I know there are still many issues not addressed - especially colour saturation and blowing out some of the detail in core areas - but small steps as I said before. I am a 'slow' learner. Persistent, curious, determined, resilient - but 'slow'! 😁😂
So, what about the filter?
A game changer in my view. Wow. Noticeable effect immediately from my bortle 5 back garden. I won't bother doing a review of the filter as there are many already on the net - try these if you are interested:
It is easy to insert. The springy arms on the clip can be adjusted, and unlike my optolong L-pro, this filter doesn't fall out as soon as you move the camera! It seems to work well with an astro-modded DSLR. I used auto white balance for a change and got no odd colour casts. However, I need to play about with colour balance in the DSLR and see what happens on future imaging sessions. I think for the first time, I have gained some good contrast and colour saturation in one of my images. It certainly reduced the normal light pollution colour casts that I normally get. I read on many forums that if I was going to use it, longer exposures was the way to go with some people recommending between 5 - 8 minutes each. Given the longest I have ever imaged before now is three minutes - this is a game changer for me! A Bahtinov mask helps you get really sharp pinpoint stars and focus and of all the calibrations frames, the flats are the most important I suspect as they will correct any vignetting caused by the filter (although I couldn't see any on the finished Siril results image.)
And finally, what do we need to know about the two images above?
NGC 7000 The North American Nebula is magnitude +4.00, an emission nebula in the constellation Cygnus and close to the bright star Deneb.

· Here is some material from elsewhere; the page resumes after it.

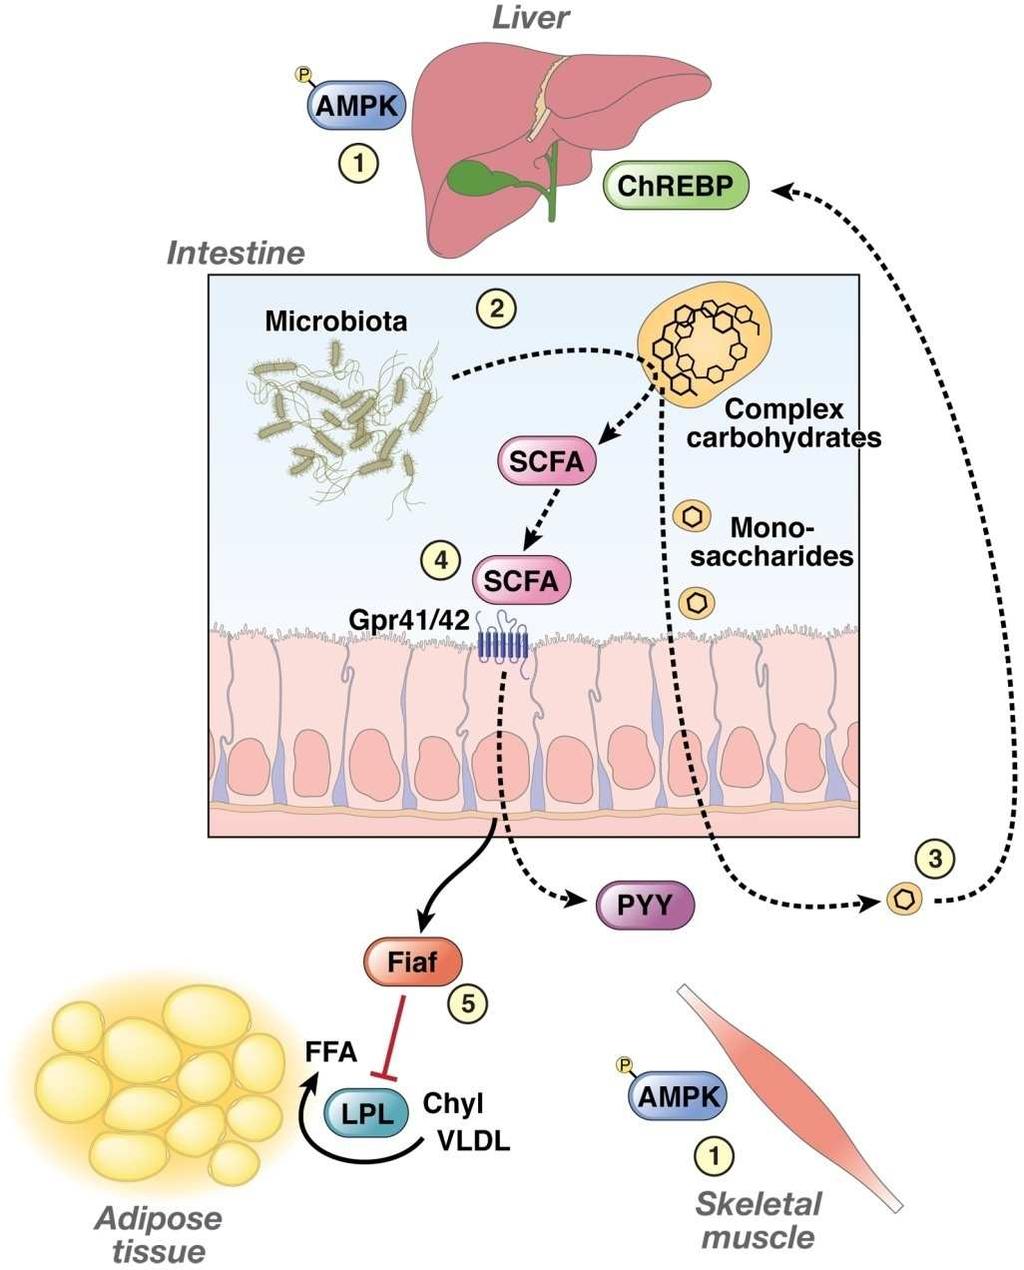 Potential interactions of the microbiota with

The nebula covers an area x10 the size of the full moon and was first discovered by William Herschel in October 1786, from Slough! When light pollution was obviously not an issue!
It is a huge interstellar cloud of ionised hydrogen and the shape we see from earth is caused by a band of interstellar dust that lies between it and our planet - this dust absorbs the light of stars and the nebula itself and somehow causes this shape to materialise to our vision. Can tell I'm no astrophysicist can't you! 😁
The portion of the nebula that represents Mexico and central America is known as the Cygnus Wall and is an area of concentrated star formation.

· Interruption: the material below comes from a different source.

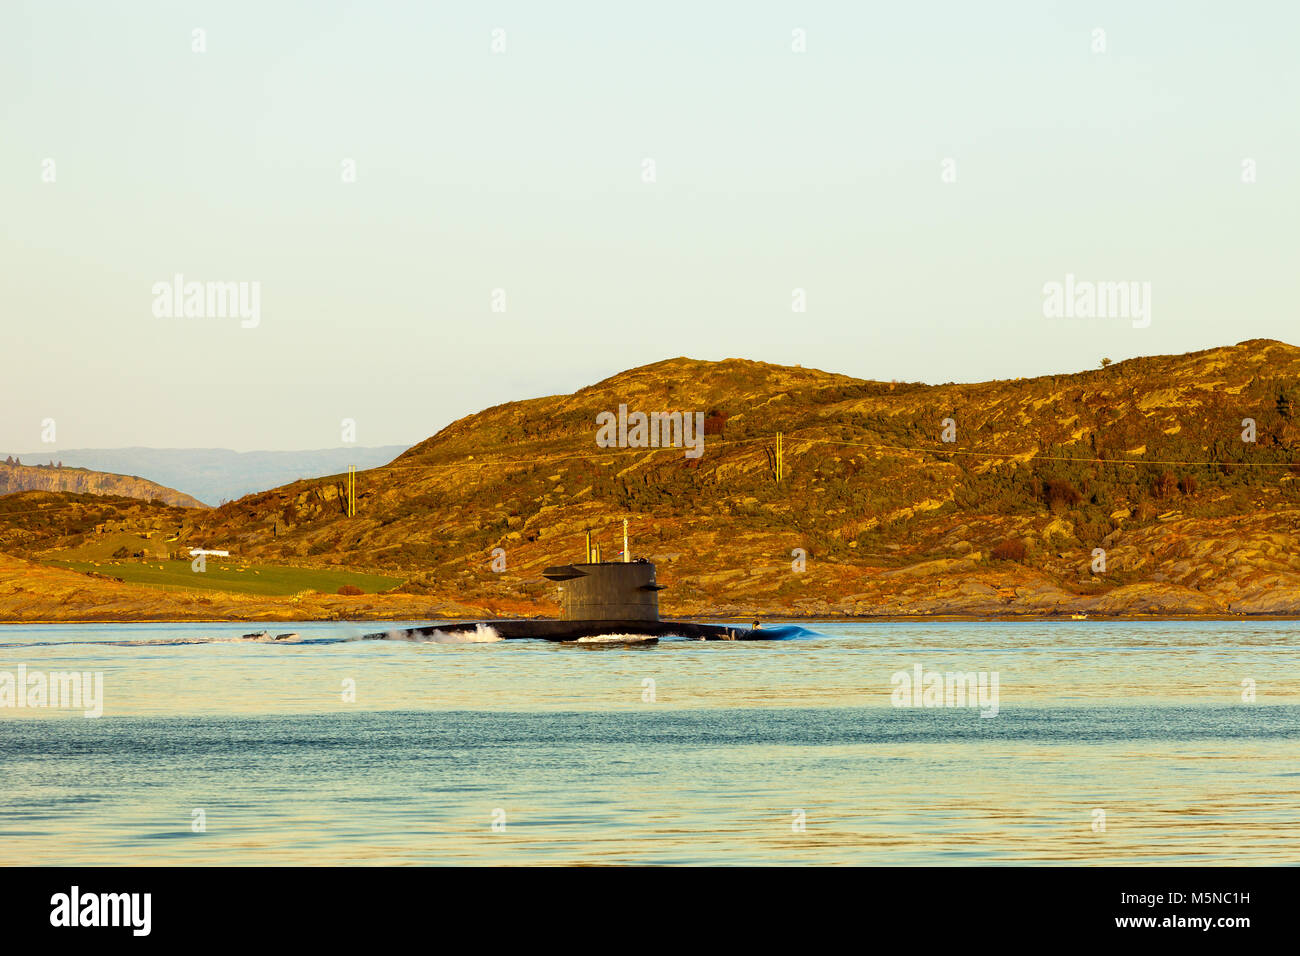 Submarine arriving at port in Norway. Stock Photo

From us to the nebula is around 2,500 light years.
So why do we see red? The hydrogen alpha area shine because their hydrogen gas has been ionised by UV radiation from a nearby hot star. For a long time it was thought that this was due to the proximity of Deneb, but not so! Its surface temperature is only 8500K. A star with at least a surface temperature of 35,000K is required. Deneb is not hot enough and too far away from the middle of the nebula complex.
So, where is the UV coming from? There is a star off the 'Florida' coast area of the nebula which may be a contender. It appears small and dim from Earth because it is behind the nebula but it is closer than Deneb and its surface temperature is 40,000K. Ideal!

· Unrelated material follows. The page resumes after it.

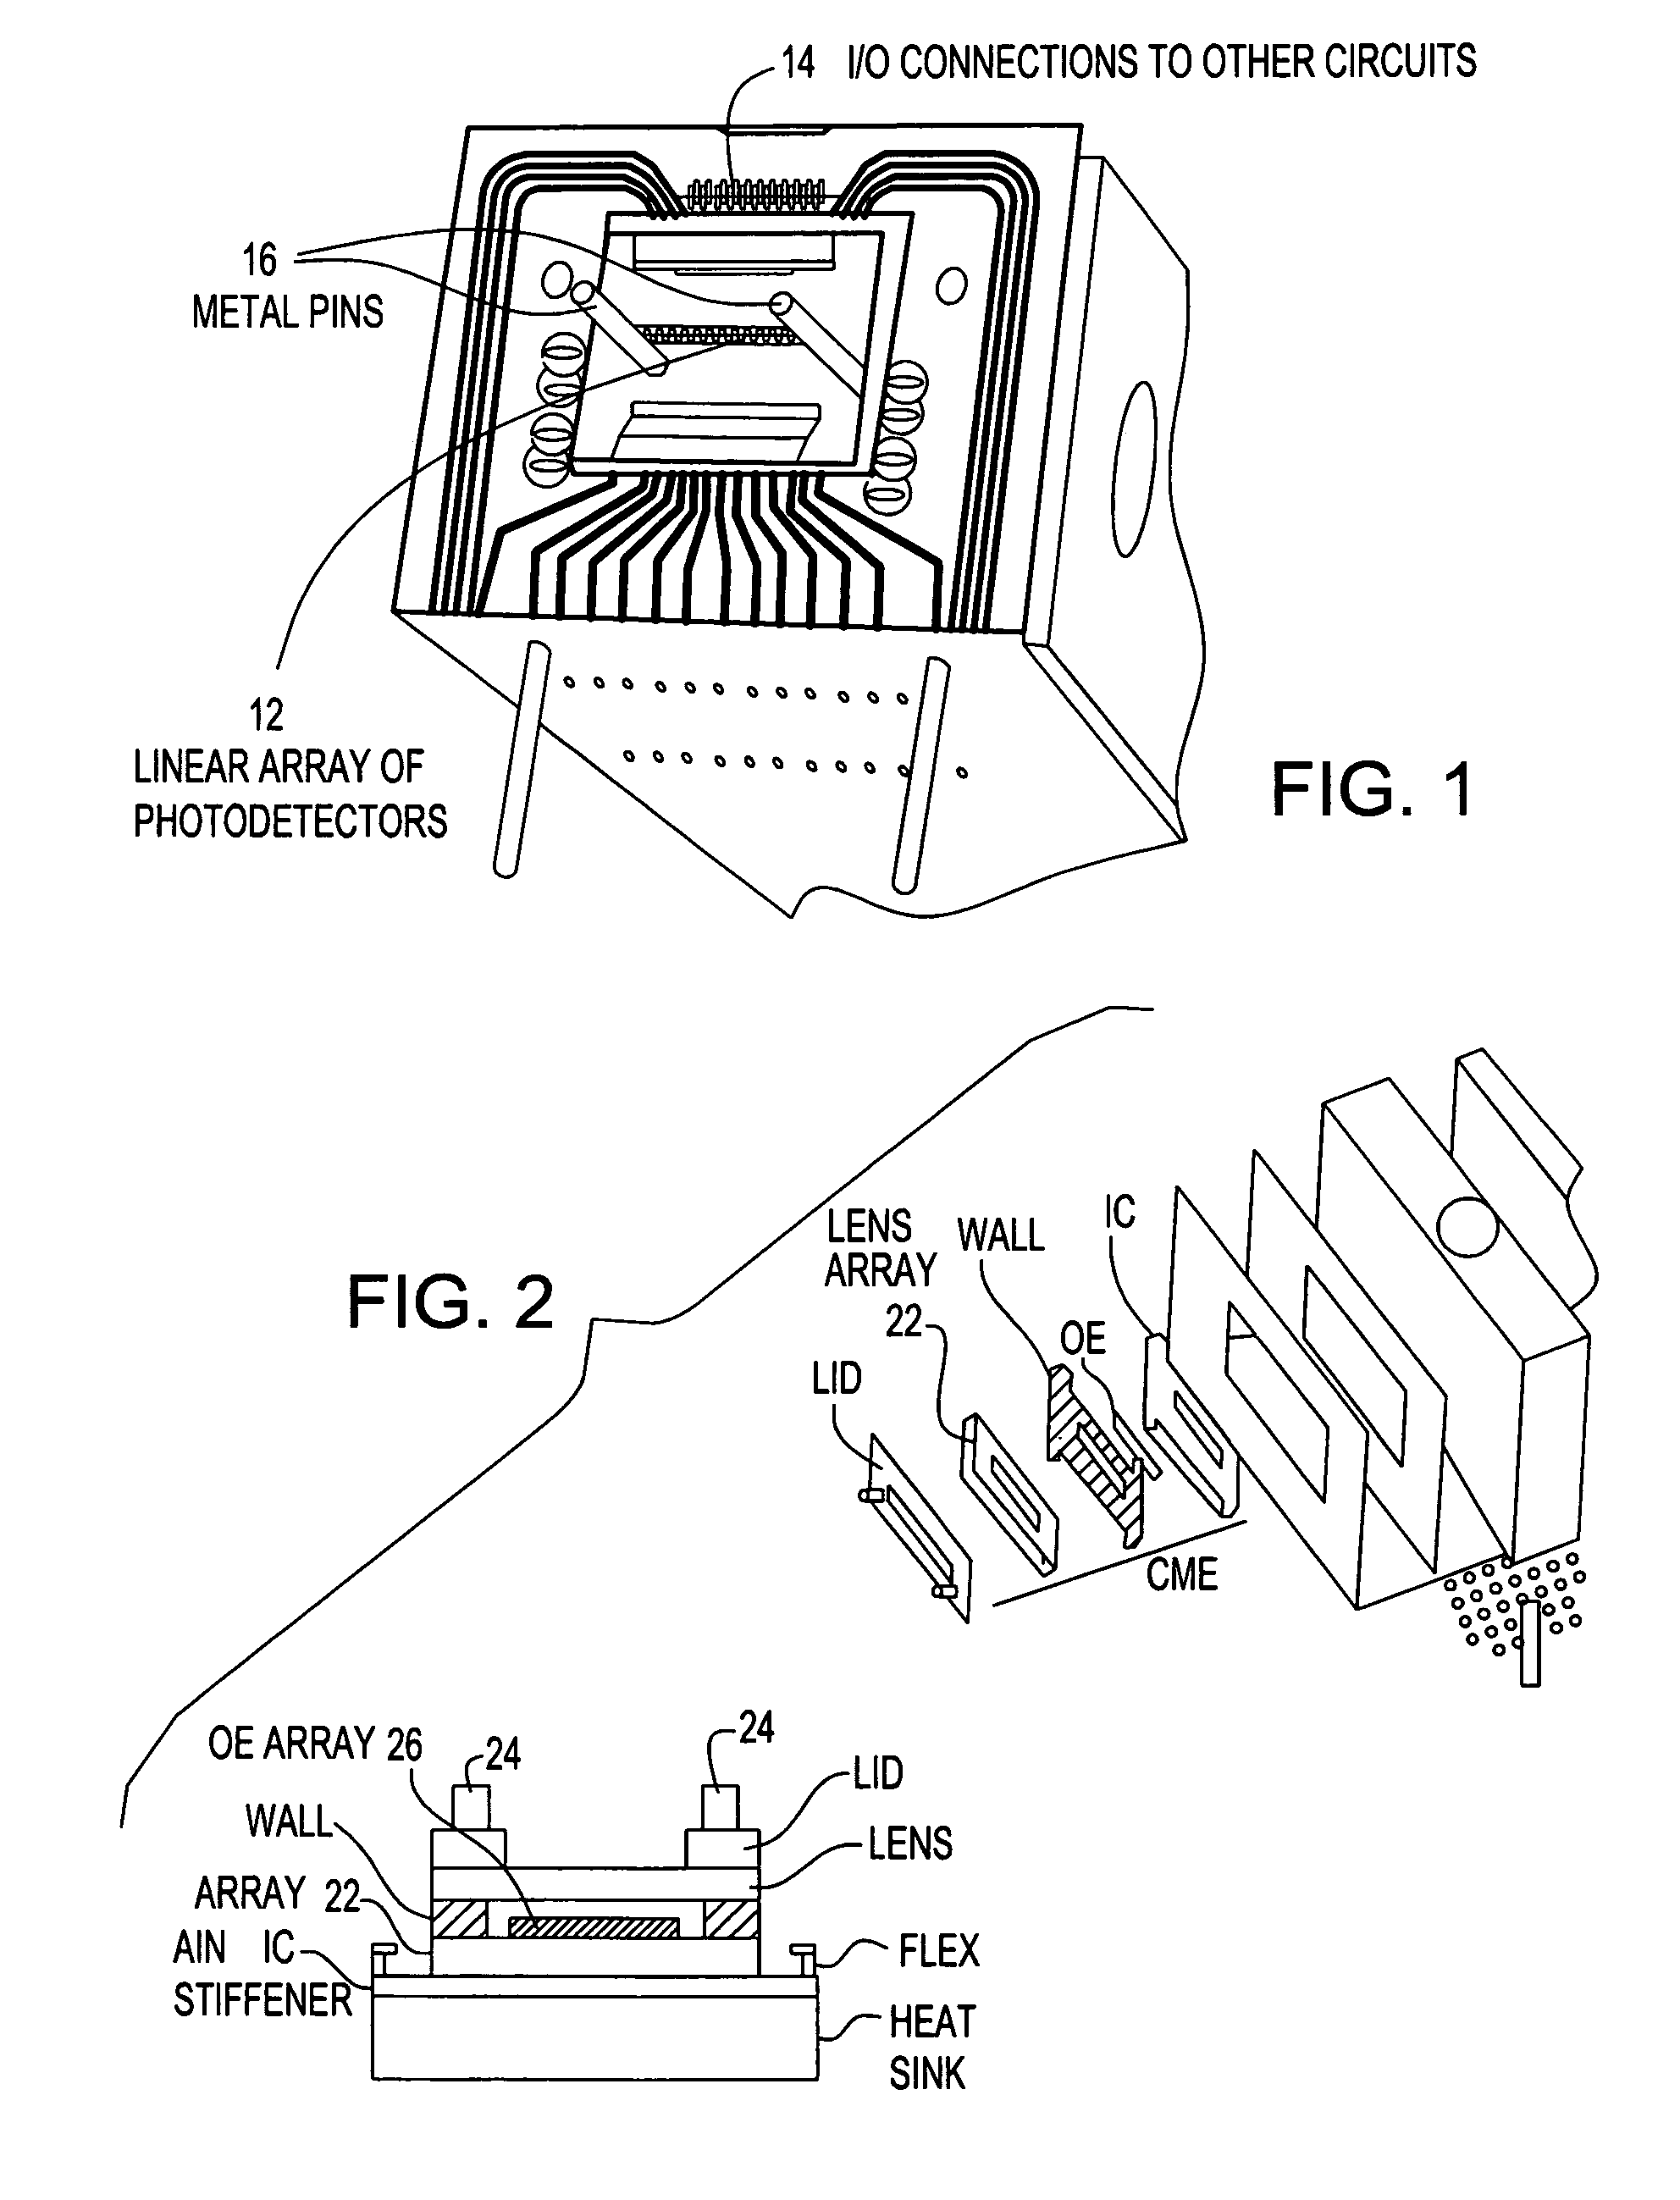 Hybrid optical/electronic structures fabricated by a common molding process

And IC 5070 The Pelican Nebula?
Tricky to discern but I have circled it above. You will need a little imagination here! Early astronomers thought the nebulous gas emissions resembled a pelican! Nope! Me neither but hey there we go!
Anyway, it is an area of very intense mixed star formation and gas cloud formation and is highly studied by modern astronomers today. Light from energetic young stars are slowly transforming cold gases to hot ones, so causing an ionised front to slowly advance outwards.
IC 5070 is divided from NGC 7000 by a dark dust molecular cloud area.
Still can't see the Pelican? Look for a dark dust cloud eye and then a long bill. The bright front of ionised gas curves away forming the head and the neck.
Nope, me neither! And normally, as a geographer, I am really good at this 'spatial awareness' malarkey!